今回は、会社(組織)を売買したりして再編成を行う際に出てくる「株式交換」と「株式移転」、「持株会社」について書いていきます。
今は関係ないかもしれませんが、会社や株を理解することに役に立つので一緒に学んでいきましょう。
目次
株式交換とは?
株式交換とはライブドアの記事でも紹介した通り、買収される会社の株式すべてを買収側の会社が買い取ることを指します。
この際、買収される側の会社の株式に対する対価は買収側の会社の株式でも、単純に現金でもよいのです。
ただし、どちらを使うかによって税率は変わるので注意が必要です。
また株式交換では、”すべて”の株式を買い取ってもらうので、実質的には買う側の会社の子会社になるということになります。
このようにして子会社になった会社は株式交換完全子法人と呼ばれます。
株式交換は主に企業売買やそもそも子会社である会社を”完全子会社化”するために用いられることが多いようですね。
株式移転とは?
株式移転とは、自社の株を買わせるための子会社を設立し、自社の株式をその新たに設立される株式会社に取得させることを言います。
株式移転をする場合
①経営統合(共同株式移転)
複数の会社が両者の親会社となる新たな会社を設立して、その親会社が両者の経営を管理する方法のことを指します。
複数の会社を統合するので共同株式移転といいます。
②持ち株会社、ホールディングカンパニーを作る(主に単独株式移転)
自社の株を保有する新たな会社を設立することをいいます。
後で詳しく説明しますね!
株式交換と株式移転の相違点
以上が二つの言葉の意味です。
もうお分かりだと思いますが、「株式交換」と「株式移転」の大きな違いは<新しい会社を作るかどうか>です。
株式交換のほうは、既存の会社の株を買ってもらう方法ですが、株式移転のほうは新たな会社を設立し株式を移転する方法です。

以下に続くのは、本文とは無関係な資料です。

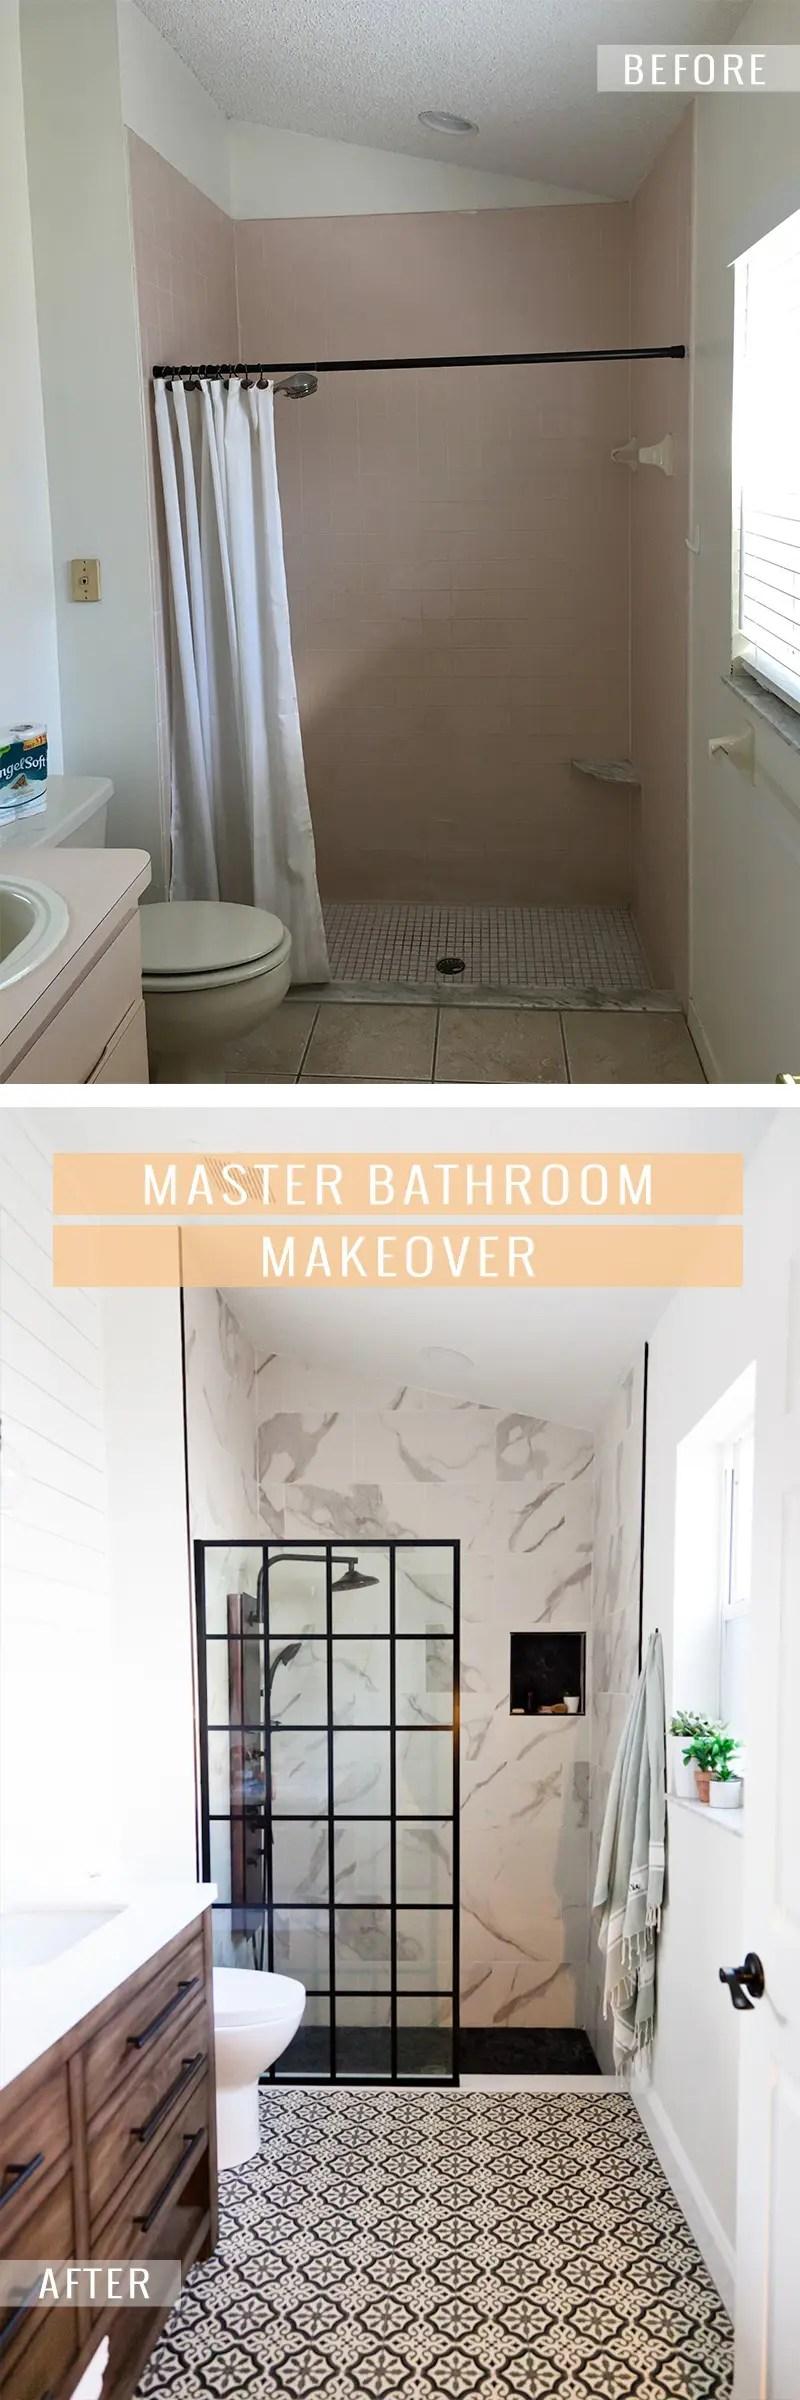 Farmhouse Master Bathroom Renovation Ideas Fresh Mommy Blog

株式交換は上記の通りの方法で株式を交換するので、企業売買の際にも使われますが、株式移転は新たな会社を設立しなければならないので企業売買に用いられるケースは非常に少ないのです。
また契約の効力が発揮されるタイミングも異なり、株式交換においては契約決定日から効力を発揮するのに対して株式移転のほうは新規に設立した会社の登記時(公的に登録される時)からになります。
株式交換と株式移転、各々のメリット・デメリット
ではここからはそれぞれのメリット・デメリットを見ていきましょう。
株式交換メリット
BUSINESS LAWYERSを参照させていただきました。
①完全子会社化が簡単
ある会社がほかの会社を完全子会社化するための方法として、株式交換以外にも、買い取りたい会社の全株主からすべての株式を買い取る方法もあります。これを株式譲渡と呼びます。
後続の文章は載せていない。